[SERVER-26889] Incorrect memory access on 3.0.13 triggers segmentation fault Created: 02/Nov/16  Updated: 20/Jan/17  Resolved: 03/Nov/16

Status: Closed
Project: Core Server
Component/s: WiredTiger
Affects Version/s: 3.0.13
Fix Version/s: 3.0.14

Type: Bug Priority: Critical - P2
Reporter: Burak Ozyurt Assignee: Keith Bostic (Inactive)
Resolution: Done Votes: 0
Labels: None
Remaining Estimate: Not Specified
Time Spent: Not Specified
Original Estimate: Not Specified

Issue Links:
Depends
Duplicate
is duplicated by SERVER-26890 Mongodb 3.0.13 crashed by Segmentatio... Closed
Backwards Compatibility: Fully Compatible
Operating System: ALL
Participants:
Case:

 Description   
Issue Status as of Nov 03, 2016

ISSUE DESCRIPTION AND IMPACT

MongoDB 3.0.13 introduced a race condition in the WiredTiger engine that, under specific circumstances, may cause an invalid memory access (segmentation fault).
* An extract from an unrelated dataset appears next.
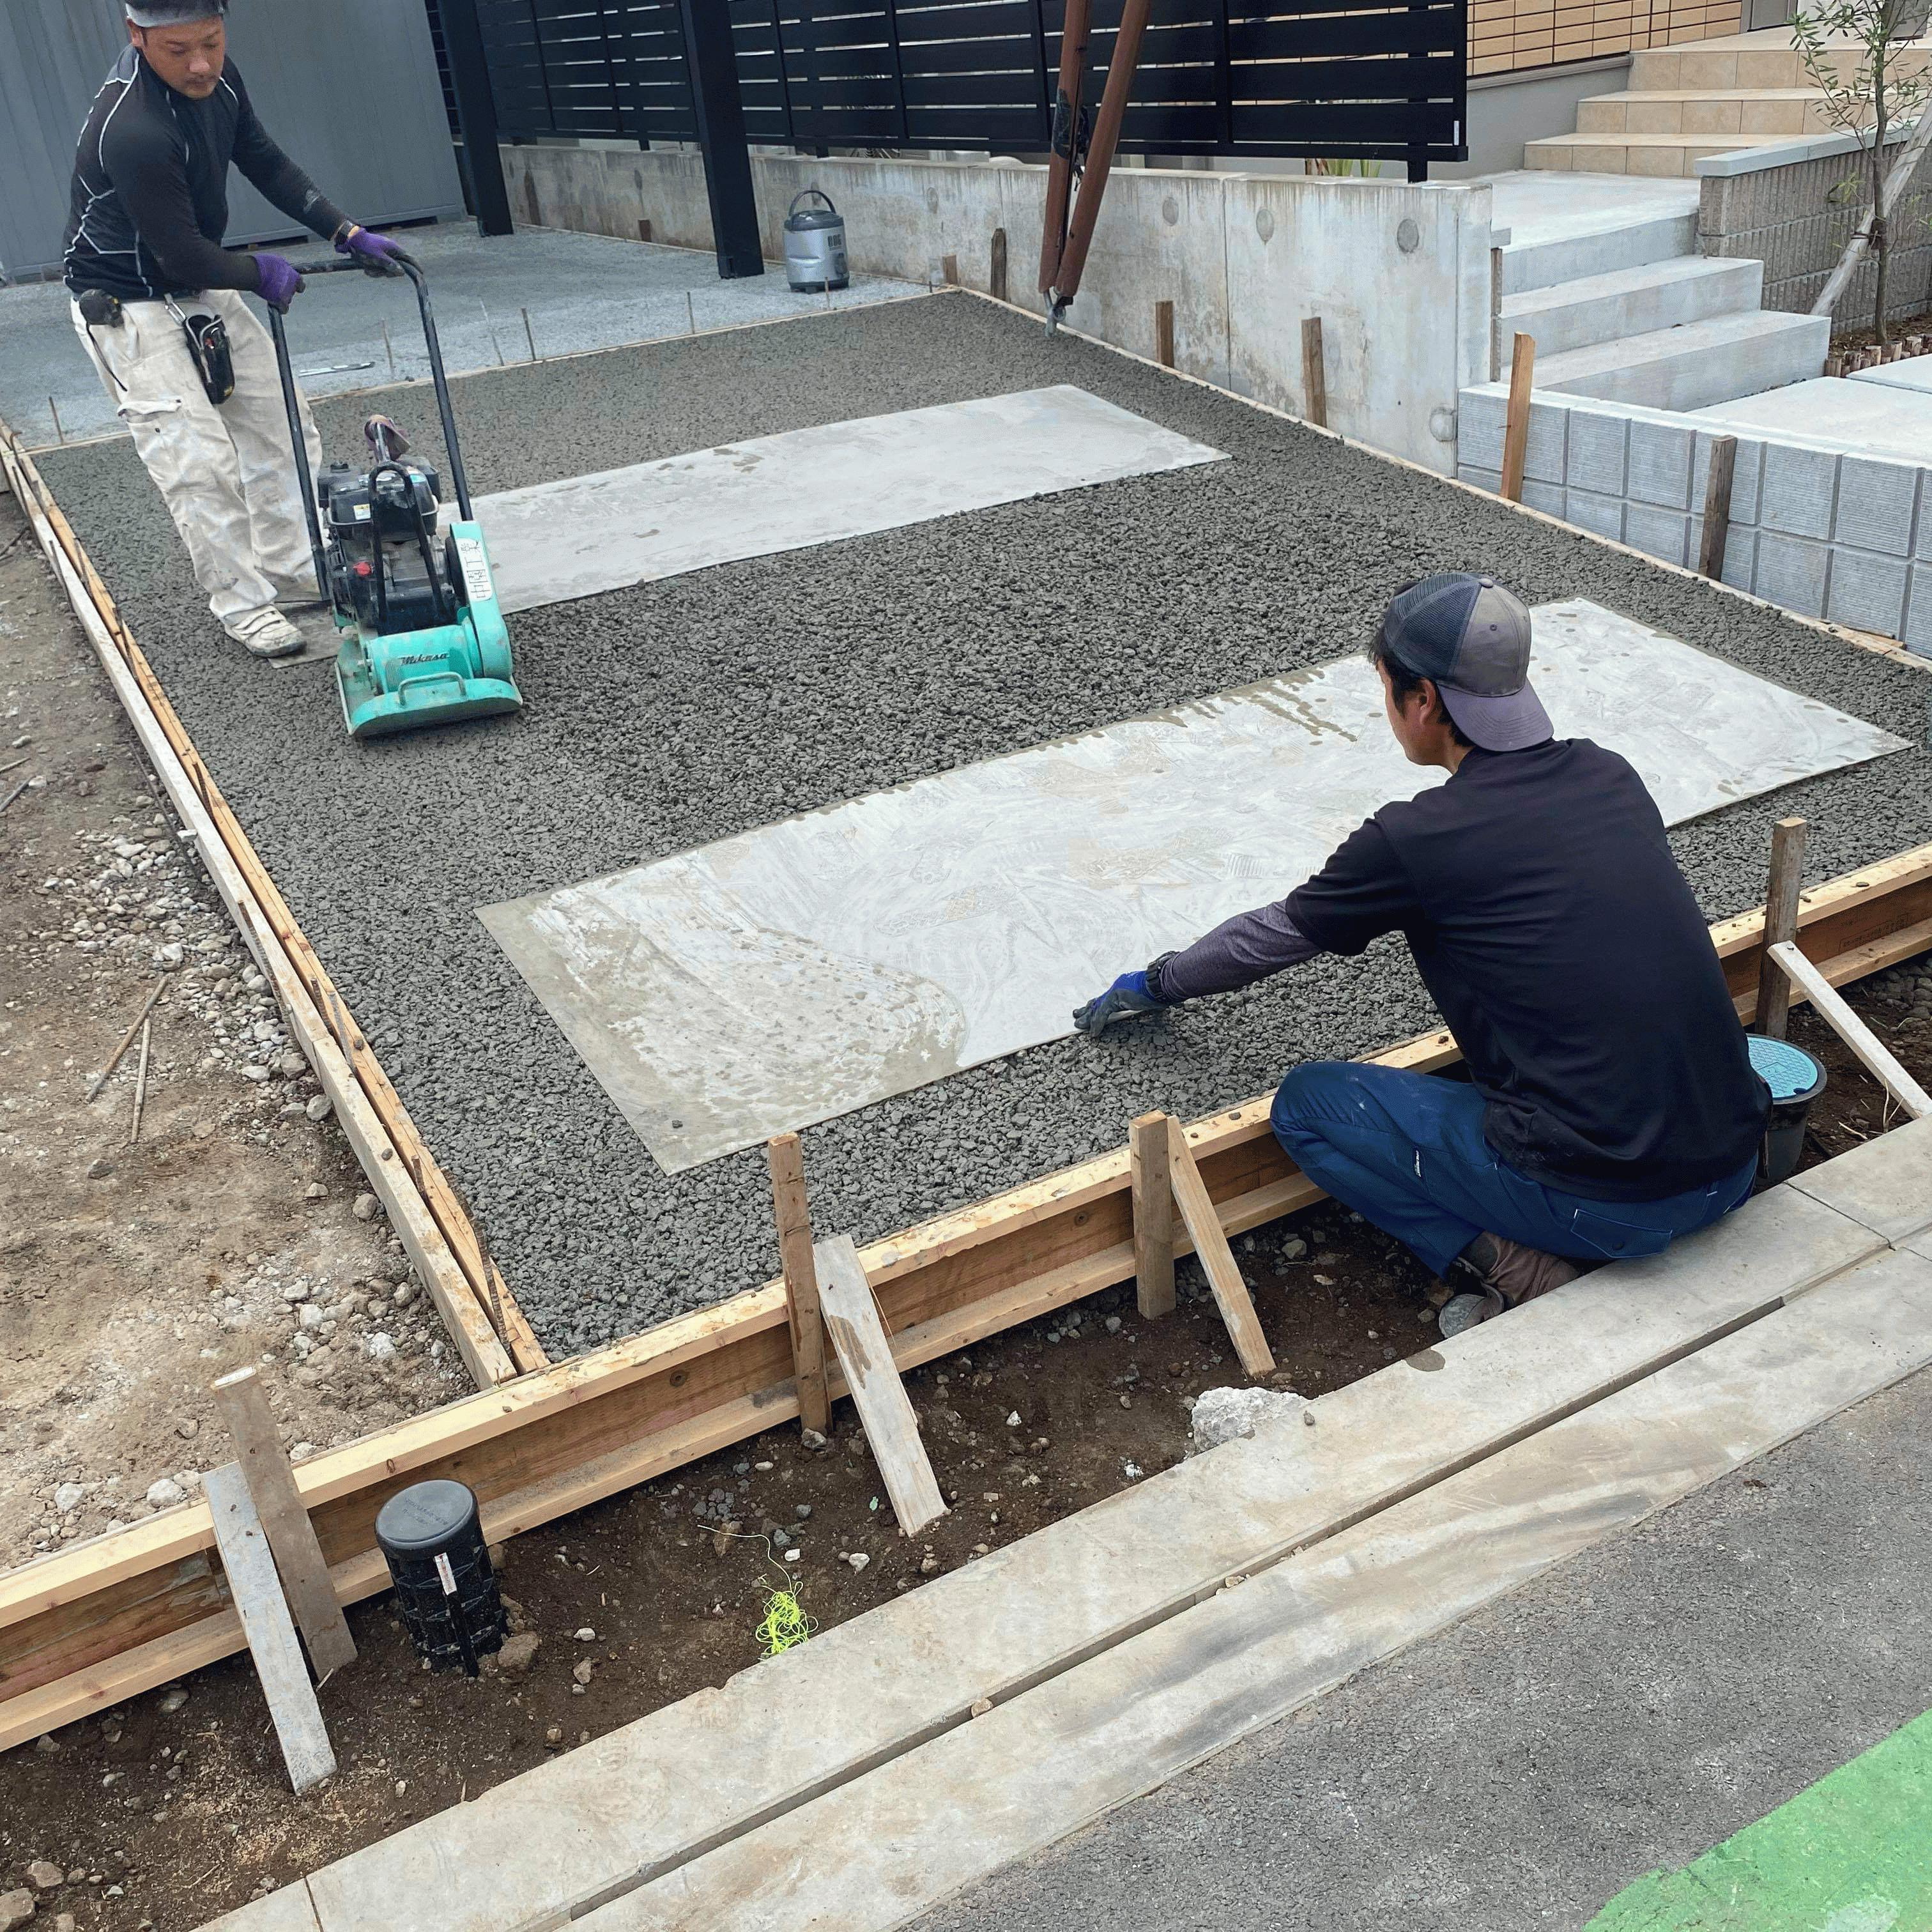 【静岡】「滑らんなあ」《防滑》《平ら》《雑草》中園工業

This generally exhibits as an invalid memory access during a checkpoint operation (with __wt_checkpoint) in the stack trace.

This bug is most likely to fire in workloads that are doing concurrent, out-of-order insert operations. In particular, inserting MongoDB documents into a collection from multiple clients concurrently with an index on a field that is out-of-order with inserts may trigger this race in the index.

DIAGNOSIS AND AFFECTED VERSIONS

This bug is present in 3.0.13 only, and it may only affect users running MongoDB with the WiredTiger engine. No other versions are affected, and MMAPv1 users can't be affected by this bug.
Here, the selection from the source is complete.